Le Parquet de Saint-Calais avait informé la Sûreté générale, et M. Havard, estimant qu’il s’agissait d’une affaire importante avait aussitôt décidé d’envoyer sur place le plus fin limier de ses services.

Juve était donc parti pour Saint-Calais. Il était arrivé à la gare de la petite ville, par l’express du matin. Ce n’était pas le policier Juve qui avait débarqué, mais un ouvrier endimanché.

Une fois en présence du marquis de Tergall, Juve lui avait déclaré :

— Permettez-moi de faire une enquête chez vous, autour de vous, et ne vous étonnez de rien. Je passerai pour un ouvrier électricien, qui vient étudier l’installation de la lumière électrique dans votre château.

Le marquis de Tergall, ainsi que tout le monde, connaissait Juve de réputation, aussi s’était-il empressé de souscrire au désir de l’éminent policier.

À présent, le policier, démocratiquement installé dans la cuisine, faisait honneur au repas, avec un appétit que sa promenade à pied avait rendu redoutable. En quelques instants, le faux électricien s’était assuré la sympathie de tout le personnel de l’office. Il avait eu le mot pour rire avec Baptiste, le compliment qui touche pour la cuisinière, et le propos galant à l’adresse de Rosa, la femme de chambre.

— Alors, demanda Baptiste, une fois le café avalé, nous allons balader dans le jardin ?

— Ma foi, répliqua Juve, ça n’est pas de refus. Un cigare ?

— Merci bien, monsieur Doublon, dit Baptiste en acceptant le londrès.

— Pourquoi m’appelez-vous M. Doublon ?

— Ce n’est pas votre nom ? Je l’ai lu sur l’enveloppe que j’ai remise au marquis de Tergall,

— Nullement, fit Juve, Doublon c’est mon patron, Doublon et Cie, la grande maison d’Angers. Moi je ne suis que le contremaître, on m’appelle simplement Charlot. Faites donc comme tout le monde.

— Je n’y vois pas d’inconvénient. Charlot, je vous remercie.
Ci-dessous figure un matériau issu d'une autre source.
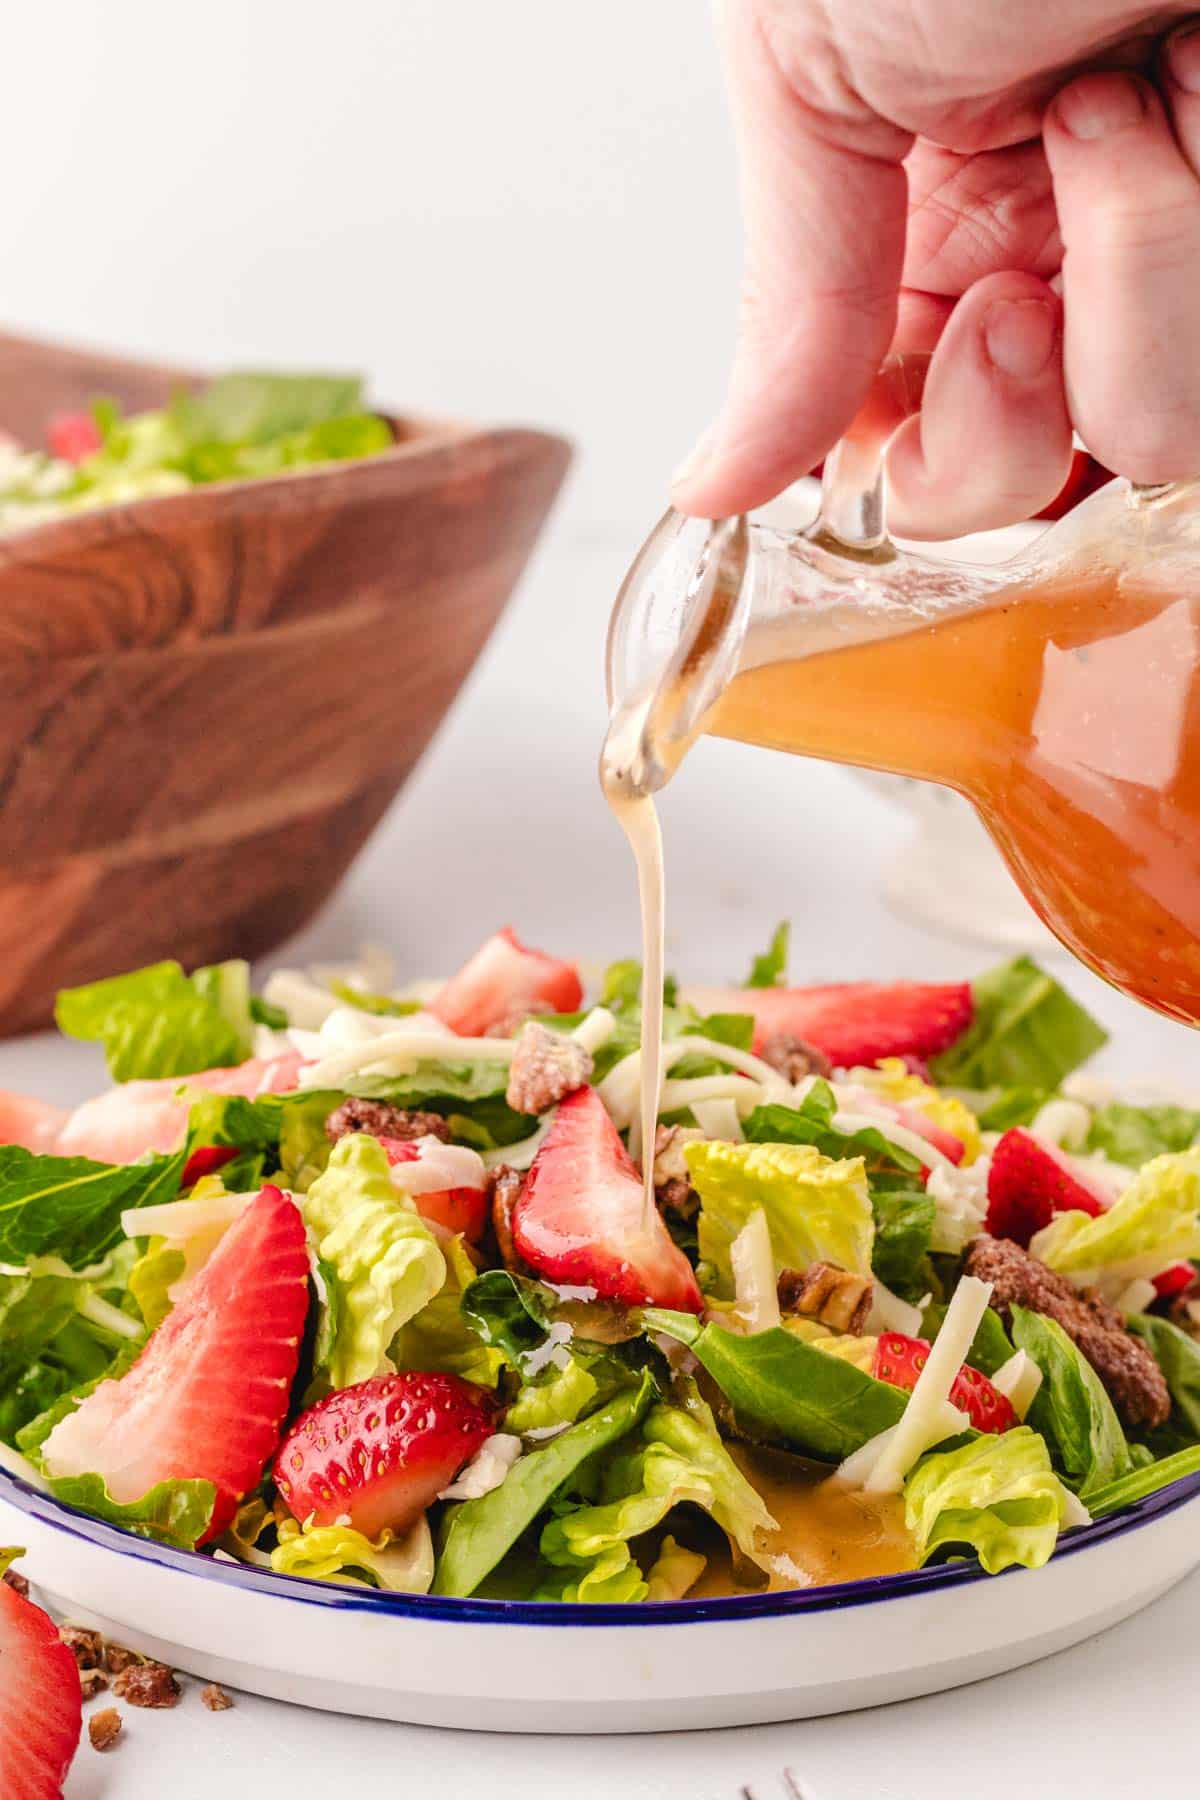 Pouring honey red wine dressing on a strawberry salad.

Un peu de feu ?

Les deux hommes, ayant allumé leurs cigares, quittèrent la maison et se perdirent dans les allées du parc.
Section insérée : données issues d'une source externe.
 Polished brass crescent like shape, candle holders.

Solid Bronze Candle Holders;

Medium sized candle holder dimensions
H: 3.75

De temps à autre, Juve, pour justifier du rôle qu’il jouait, prenait des mesures, notait des chiffres sur son carnet.

De temps à autre, il posait des questions indiscrètes.

— Une bonne place, Baptiste ?

— Peuh, pas mauvaise. On est régulièrement payé et il y a des pourboires au moment de la chasse.

— Le marquis reçoit beaucoup de monde ?

— Cela dépend, suivant la saison. En automne par exemple, ça ne désemplit pas d’invités.

— La grande vie, quoi, mais ça doit coûter joliment cher. Le marquis est riche ?

— Surtout la marquise.

— D’ailleurs le patron m’a dit qu’on pouvait y aller largement pour l’installation électrique. C’est égal, le vol, ça doit faire un trou dans son budget.